Let \(\mathcal F_1,\ldots ,\mathcal F_r\subset 2^{[n]}\) be families of subsets. For each \((F_1,\ldots ,F_r)\in \mathcal F_1\times \cdots \times \mathcal F_r\) we define a vector w by

$$\begin{aligned} w=w(F_1,\ldots ,F_r):=(w_1^{(1)},w_2^{(1)},\ldots ,w_r^{(1)},\ldots , w_1^{(n)},w_2^{(n)},\ldots ,w_r^{(n)})\in \{0,1\}^{rn}, \end{aligned}$$

where

$$\begin{aligned} w_i^{(j)}={\left\{ \begin{array}{ll} 1&{}\text { if }j\in F_i, \\ 0&{}\text { if }j\not \in F_i. \end{array}\right. } \end{aligned}$$

We can view w as an rn-step walk whose k-th step is up (resp. right) if the k-th entry of w is 1 (resp. 0) for \(1\le k\le rn\).

Claim 3

Let \(\mathcal F_1,\ldots ,\mathcal F_r\subset 2^{[n]}\) be shifted r-cross t-intersecting families. Then, for all \((F_1,\ldots ,F_r)\in \mathcal F_1\times \cdots \times \mathcal F_r\), the walk \(w(F_1,\ldots ,F_r)\) hits the line \(L_{rt}\).

Proof

Let \(j=j(F_1,\ldots ,F_r)\) be from Claim 2, and let \(w=w(F_1,\ldots ,F_r)\) be the corresponding walk. In the first rj steps of w there are at least \(t+(r-1)j\) up steps, and so at most \(rj-(t+(r-1)j)=j-t\) right steps. This means that the walk w hits the line \(L_{rt}\) within the first rj steps. \(\square \)

Theorem 10

Let \(p_1,\ldots ,p_r\) be positive real numbers less than \(1-\frac{1}{r}\), and let \(\mathcal F_1,\ldots ,\mathcal F_r\subset 2^{[n]}\) be r-cross t-intersecting families. Then we have \(\prod _{i=1}^r\mu _{p_i}(\mathcal F_i)\le \beta ^t\), where \(\beta \) is the root of the equation (5).

Proof

Since the shifting operation preserves r-cross t-intersecting property and p-measures, we may assume that all \(\mathcal F_i\) are shifted. We have

$$\begin{aligned}{} & {} \prod _{i=1}^r\mu _{p_i}(\mathcal F_i) = \prod _{i=1}^r\sum _{F_i\in \mathcal F_i}p_i^{|F_i|}q_i^{n-|F_i|}\\{} & {} \quad = \sum _{(F_1,\ldots ,F_r)\in \mathcal F_1\times \cdots \times \mathcal F_r} \prod _{i=1}^rp_i^{|F_i|}q_i^{n-|F_i|}. \end{aligned}$$

Using Claim 3 the RHS is

$$\begin{aligned} \le \mathbb P(\text {type }B\hbox { walk hits }L_{rt}\hbox { in the first }rn \hbox { steps}) \le \mathbb P(\text {type }B\hbox { walk hits }L_{rt}) = \beta ^t, \end{aligned}$$

where the last equality follows from Claim 1. \(\square \)

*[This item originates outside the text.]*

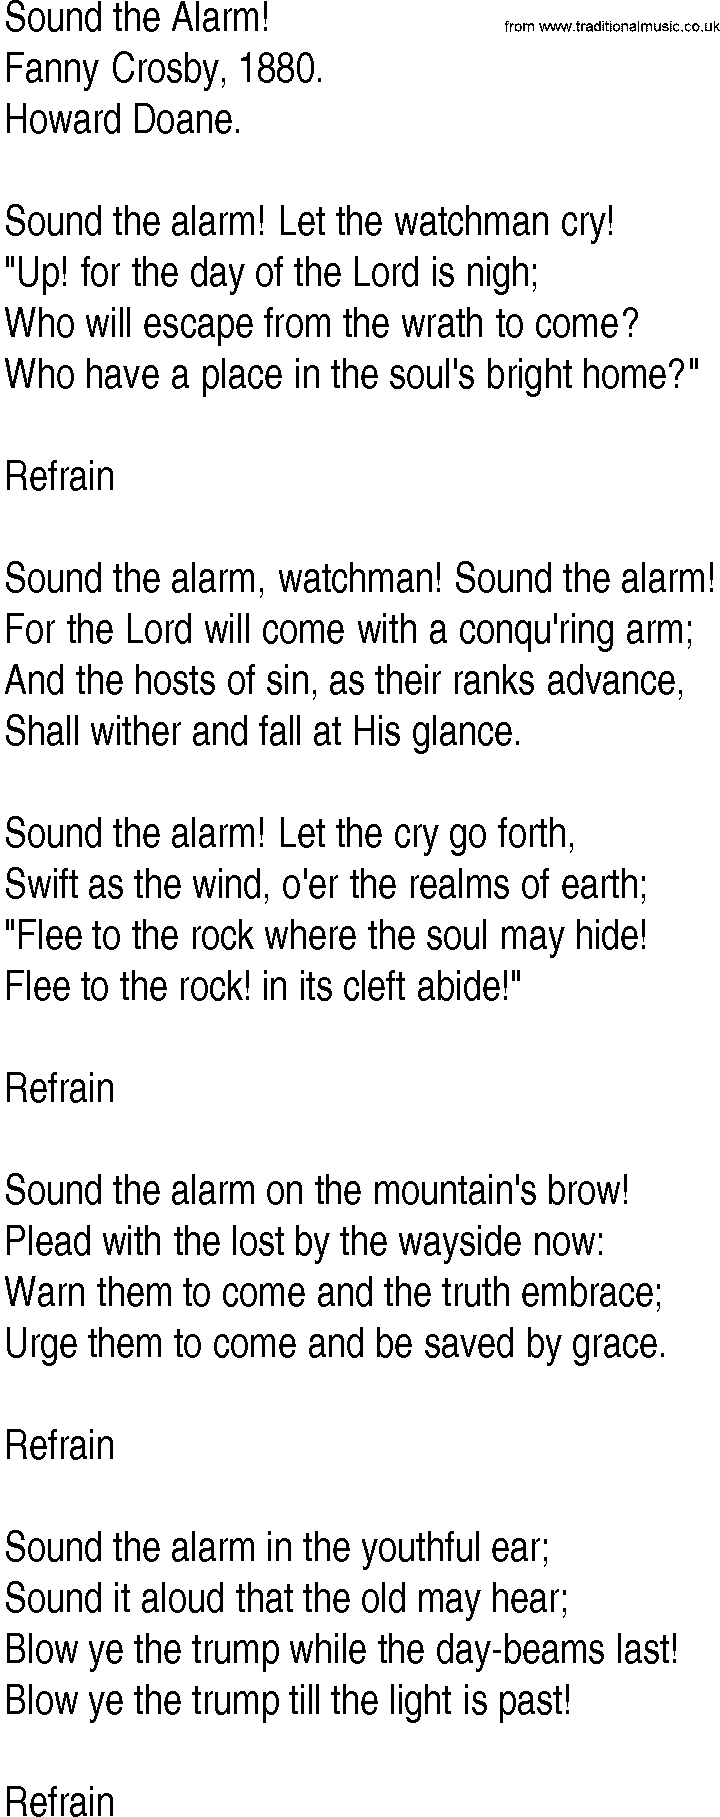 Hymn and Gospel Song: Sound the Alarm! by Fanny Crosby lyrics

By comparing (4) and (5) it follows that if \(p_1=\cdots =p_r=:p\) then \(\beta (p,\ldots ,p)=\alpha (p)^r\). If \(r=3\) then it is not so difficult to verify that \(\beta (p_1,p_2,p_3)\le \alpha (p_1)\alpha (p_2)\alpha (p_3)\), see [15] for more details, and we have the following.

Lemma 4

Let \(0<p_1,p_2,p_3<\frac{2}{3}\) and t be a positive integer. If \(\mathcal F_1,\mathcal F_2,\mathcal F_3\subset 2^{[n]}\) are 3-cross t-intersecting, then

$$\begin{aligned} \mu _{p_1}(\mathcal F_1) \mu _{p_2}(\mathcal F_2) \mu _{p_3}(\mathcal F_3) \le (\alpha (p_1)\alpha (p_2)\alpha (p_3))^t, \end{aligned}$$

where

$$\begin{aligned} \alpha (p):=\frac{1}{2}\left( \sqrt{\frac{1+3p}{1-p}}-1\right) . \end{aligned}$$

(8)

2.5 Tools for the proof of Theorem 6

Let \(0<p_1<p_2<1\) be fixed. Let \(\mathbb R^{[p_1,p_2]}\) denote the set of real-valued functions defined on the interval \([p_1,p_2]:=\{x\in \mathbb R:p_1\le x\le p_2\}\). We will bound a convex function \(g\in \mathbb R^{[p_1,p_2]}\) by a linear function connecting \((p_1,g(p_1))\) and \((p_2,g(p_2))\). To this end, define an operator \(L_{p_1,p_2}:\mathbb R^{[p_1,p_2]}\rightarrow \mathbb R^{[p_1,p_2]}\) by

$$\begin{aligned} (L_{p_1,p_2}(g))(p):=\frac{g(p_2)-g(p_1)}{p_2-p_1}(p-p_1)+g(p_1). \end{aligned}$$

By definition we have the following.

Claim 4

Let \(g\in \mathbb R^{[p_1,p_2]}\) be a convex function. Then \(g(p)\le (L_{p_1,p_2}(g))(p)\) for \(p\in [p_1,p_2]\).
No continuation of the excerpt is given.